Meet the key characters, with insights into their roles, motivations, and relationships—spoiler-free.

Major Characters

Audre Lorde is a legally blind Black lesbian poet born in New York City to Caribbean immigrants. Serving as the first-person speaker of her poetry, she draws directly from her own life. She works as a librarian and college professor while dedicating herself to activism against racism, sexism, classism, and anti-gay bias. In her writing, she equates her Black identity to coal formed deep within the earth, transforming the pressures of discrimination into diamond-like words.

Key Relationships

Former wife of Edwin Rollins

Romantic partner of Frances Clayton

Spiritually connected to Yemanjá

Supporting Characters

Edwin Rollins is a gay man who marries Audre Lorde in 1962. During their marriage, the couple has two children together, and Lorde begins her career publishing books of poetry.

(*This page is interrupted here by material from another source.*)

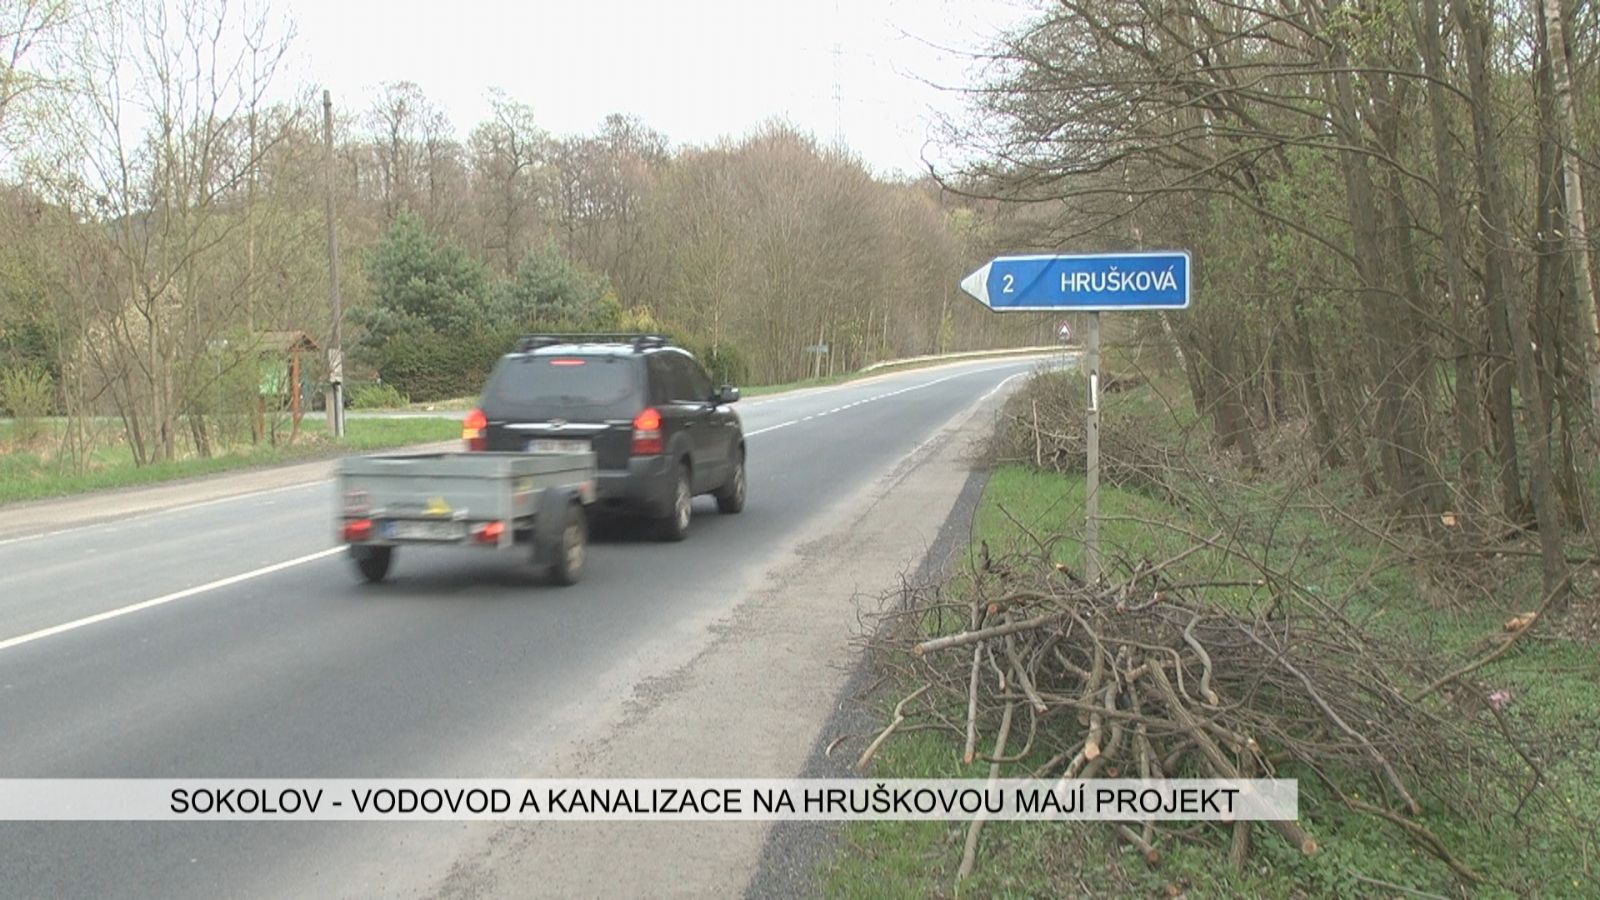 Sokolov: Vodovod a kanalizace na Hruškovou mají projekt (TV Západ)

They divorce in 1970 as they both embrace their true sexual identities.

Key Relationships

Former husband of Audre Lorde

Frances Clayton is Audre Lorde's long-term romantic partner. She becomes involved with the poet in 1972, remaining with her during Lorde's highly active years as an international activist and cofounder of the Kitchen Table: Women of Color Press.

Key Relationships

Romantic partner of Audre Lorde

Yemanjá, or Yemọja, is the mother of the Orishas (spirits) in the Yoruba religion. Within the context of Lorde's broader body of work, Yemanjá represents the ultimate maternal figure who fully embraces the dark-skinned Blackness that Lorde's own biological mother rejects.